The 2014 Boston Marathon took place in Boston, Massachusetts, on Monday, April 21. It was the 118th official running of the Boston Marathon, traditionally held on Patriots' Day. The race is organized by the Boston Athletic Association, and has been happening yearly since 1897 (the 2020 Boston Marathon was held virtually due to the COVID-19 pandemic). On account of the 2013 Boston Marathon bombings, extra security measures were implemented. They started a safety committee which began meeting in January of each year, as well as had a multi-agency coordination center to provide a place for people to go who were in need of help during the course of the race. New laws included the Post Disaster Mental Health Act were implemented which provides mental health services for places after a disaster even if it is not considered extreme enough to be a Major Disaster. The 2014 Marathon had about 36,000 registered participants, second only to the 1996 race in number of entries.
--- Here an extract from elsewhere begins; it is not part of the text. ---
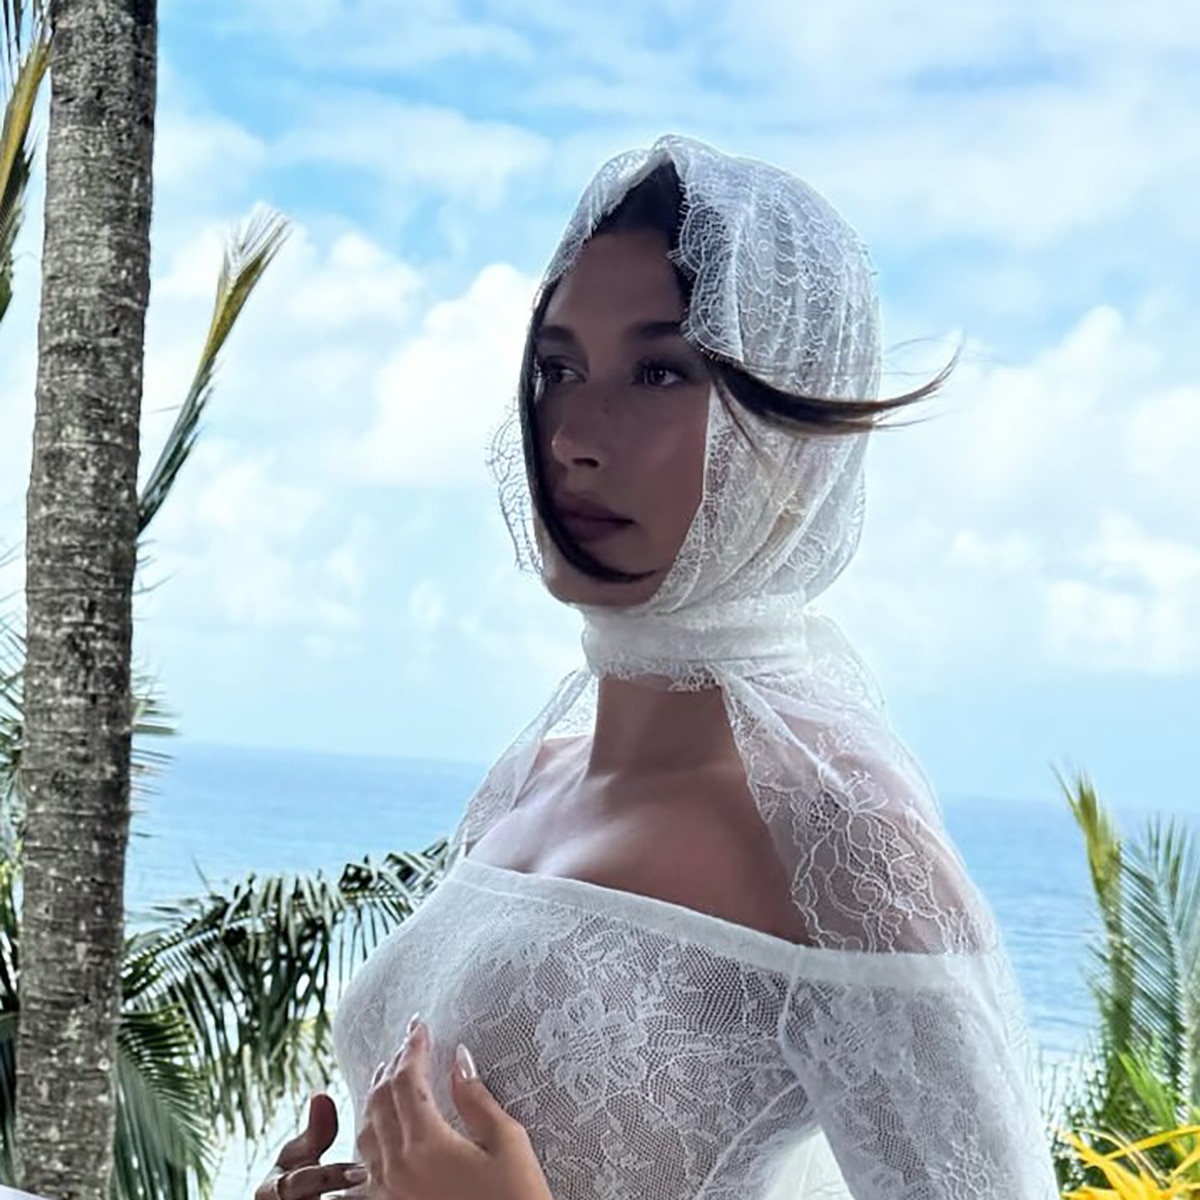 
                        Pregnant Hailey Bieber Shares Behind-the-Scenes Maternity Shoot Photo
                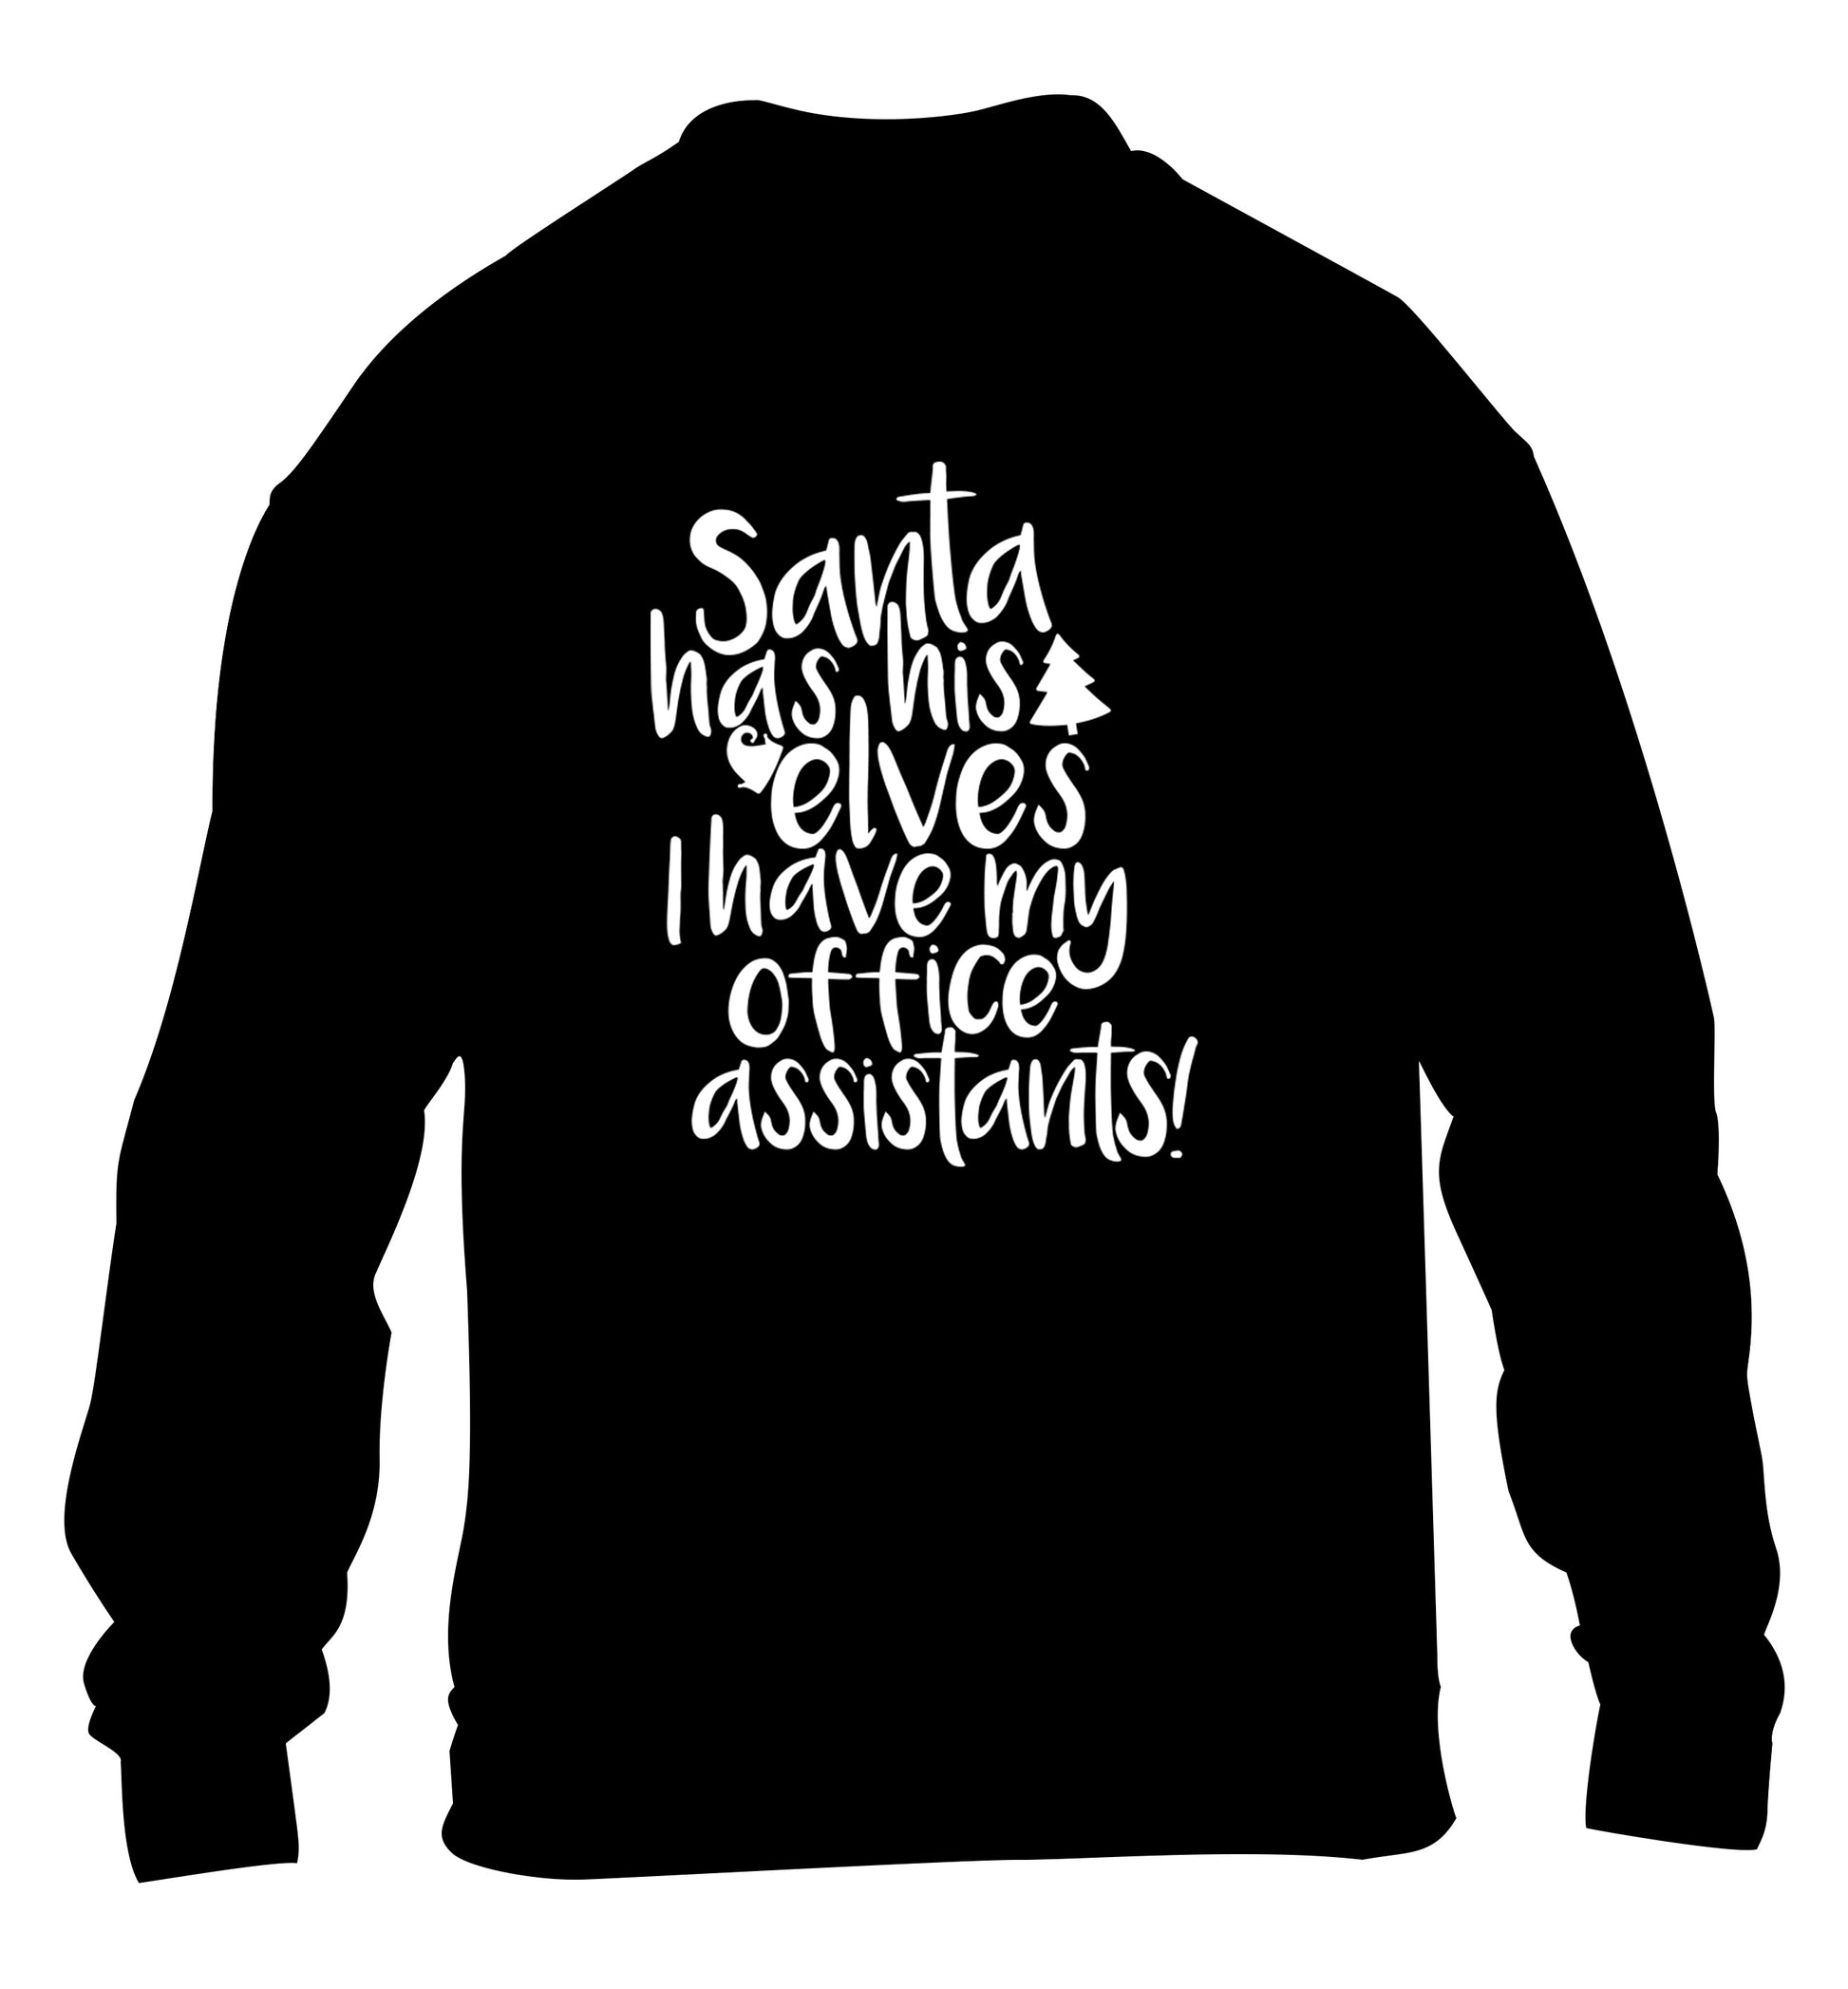 Santa has elves I have office assistants children's black sweater 12-13 Years

== History behind the marathon ==
The Boston Marathon is an annual race stretched from multiple cities in eastern and some of western Massachusetts. It was created under the Boston Athletic Association by the inaugural U.S. Olympic team manager John Graham. Due to his admiration of the first Olympic Games several decades earlier, he and Herbert H. Holton, a Boston businessman, created the popular marathon.

== Race description ==
Racers begin by meeting in Boston Common on race day where they are then bused to the starting line, also called the start village. At the village there are concessions like bagels and coffee.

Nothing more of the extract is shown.